■ WHAT TO PRODUCE: Recreate the listing that follows line for line, without pictures.

■ DATA SEGMENT:
———

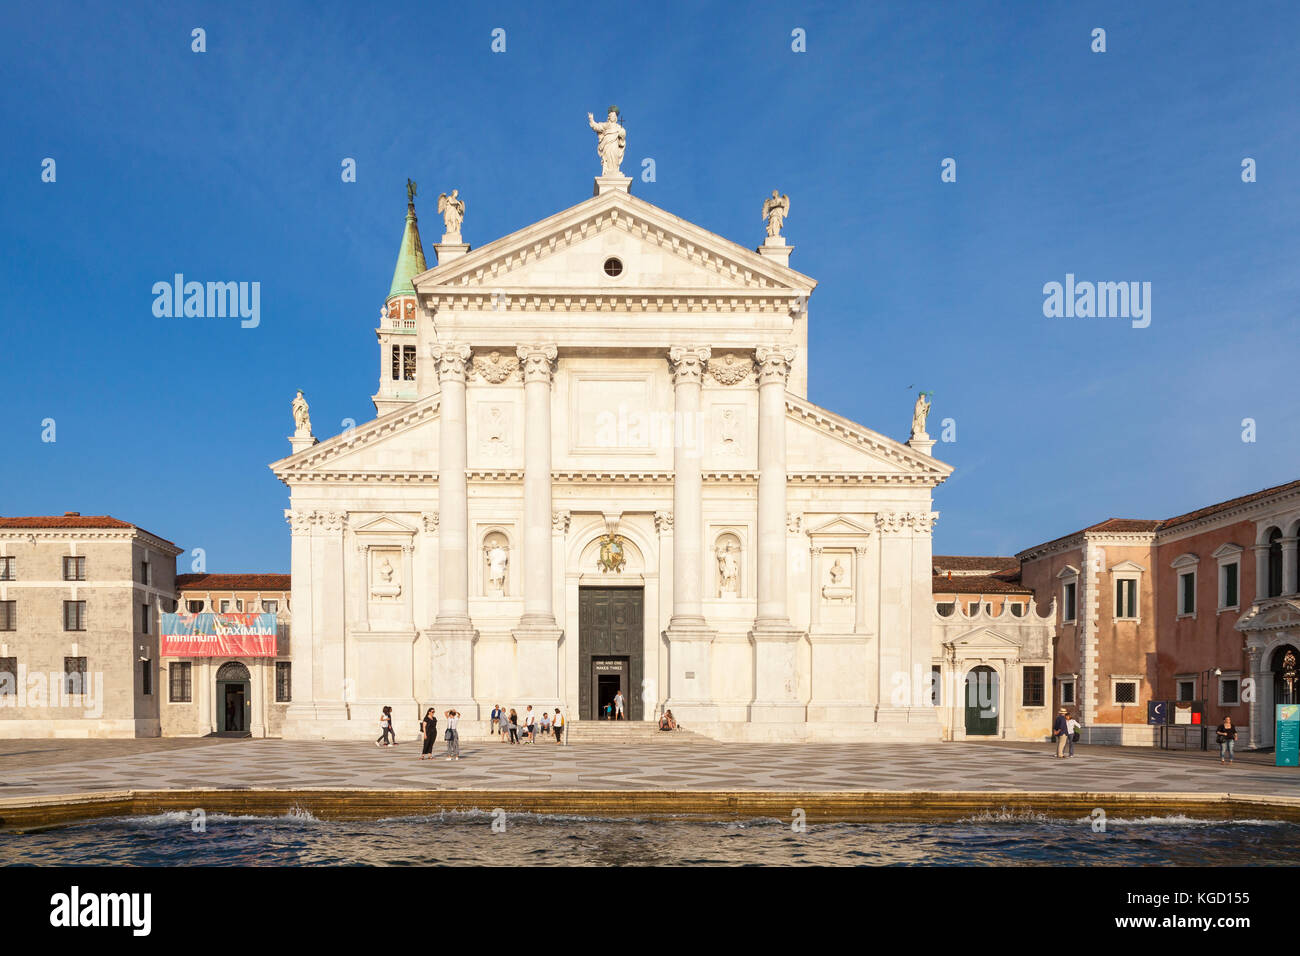 Fassade der Kirche San Giorgio Maggiore von Palladio auf Isola San Giorgio Maggiore, Venedig, Italien, bei Sonnenuntergang. Touristen in den Vorplatz Stockfoto
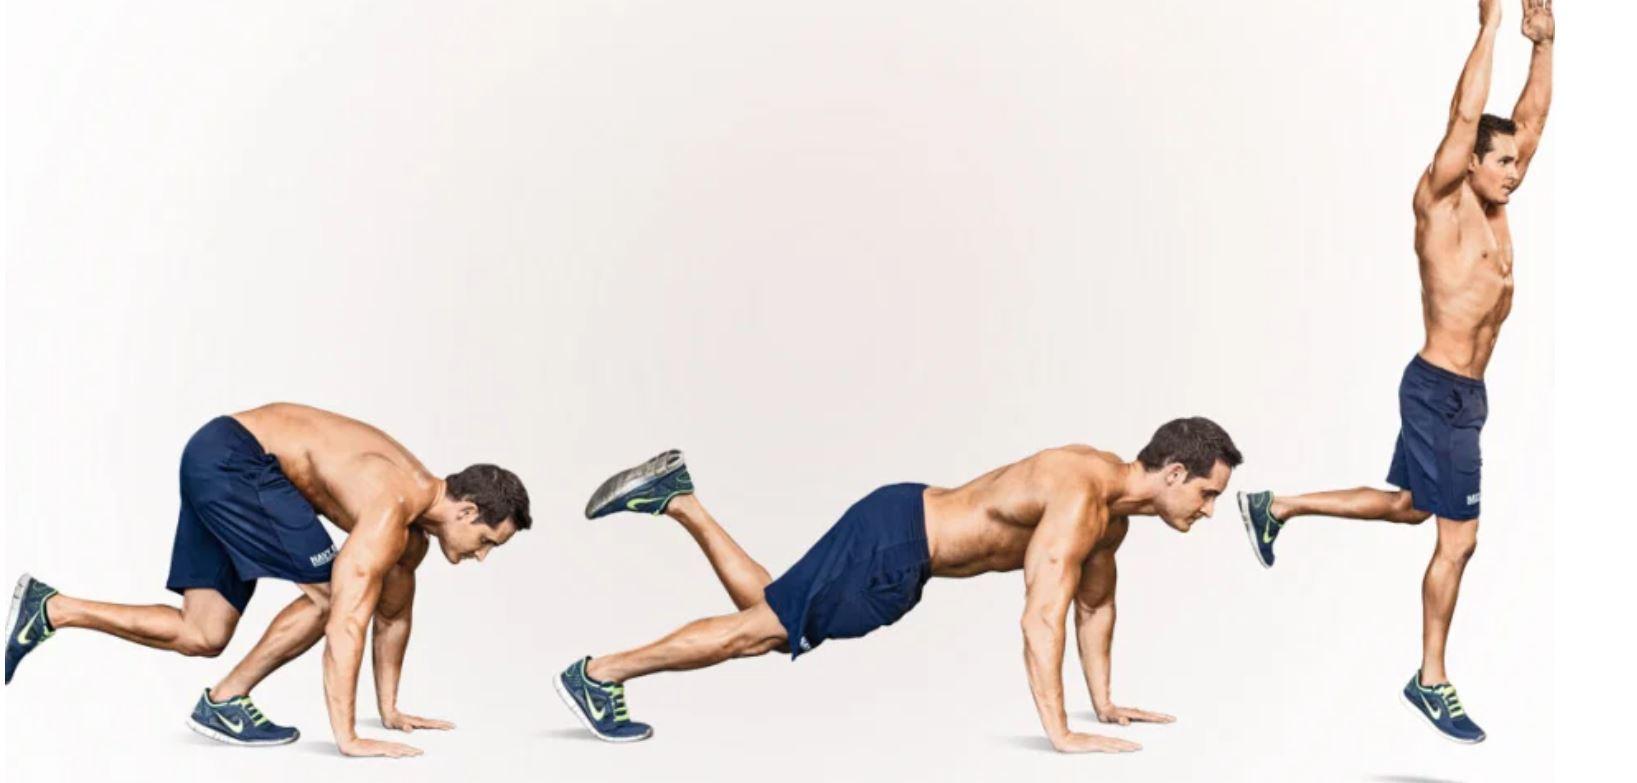 single leg burpee workout
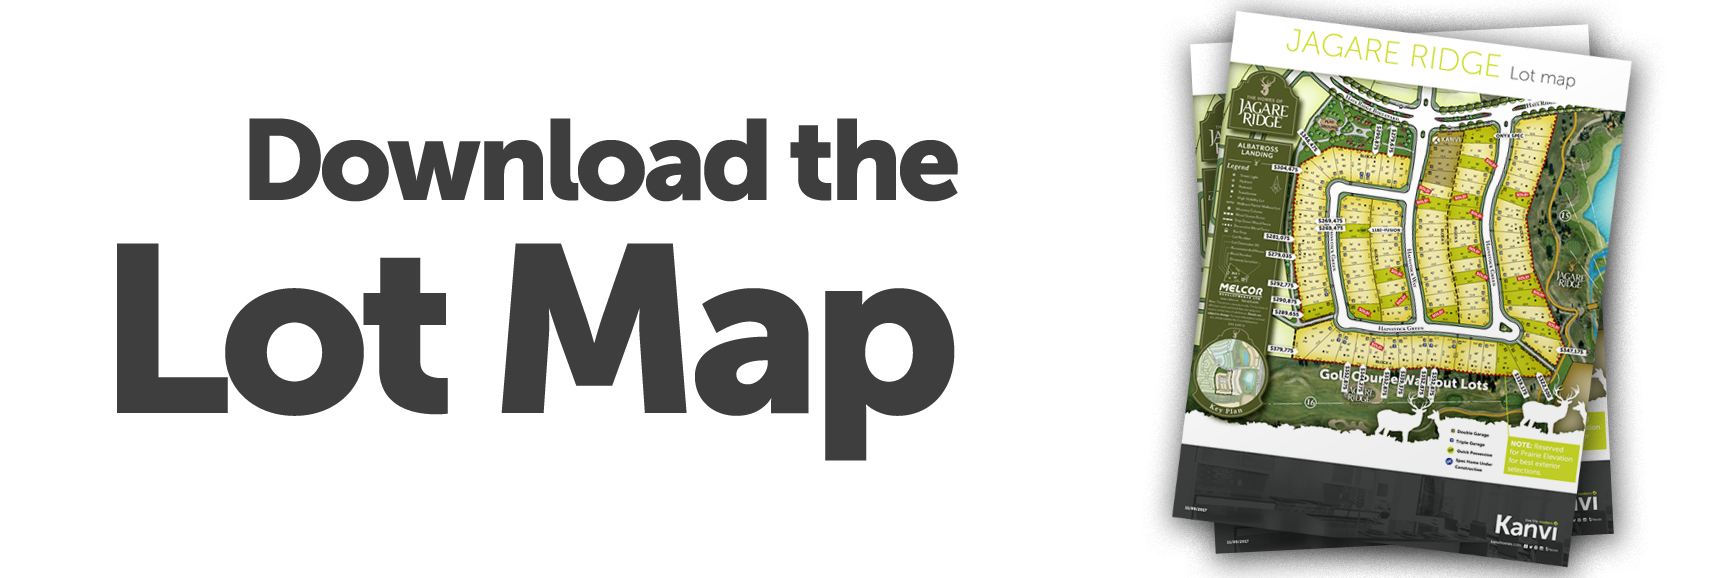 JR-lot-map.png

———

■ RESULT:
 Fassade der Kirche San Giorgio Maggiore von Palladio auf Isola San Giorgio Maggiore, Venedig, Italien, bei Sonnenuntergang. Touristen in den Vorplatz Stockfoto
 single leg burpee workout
 JR-lot-map.png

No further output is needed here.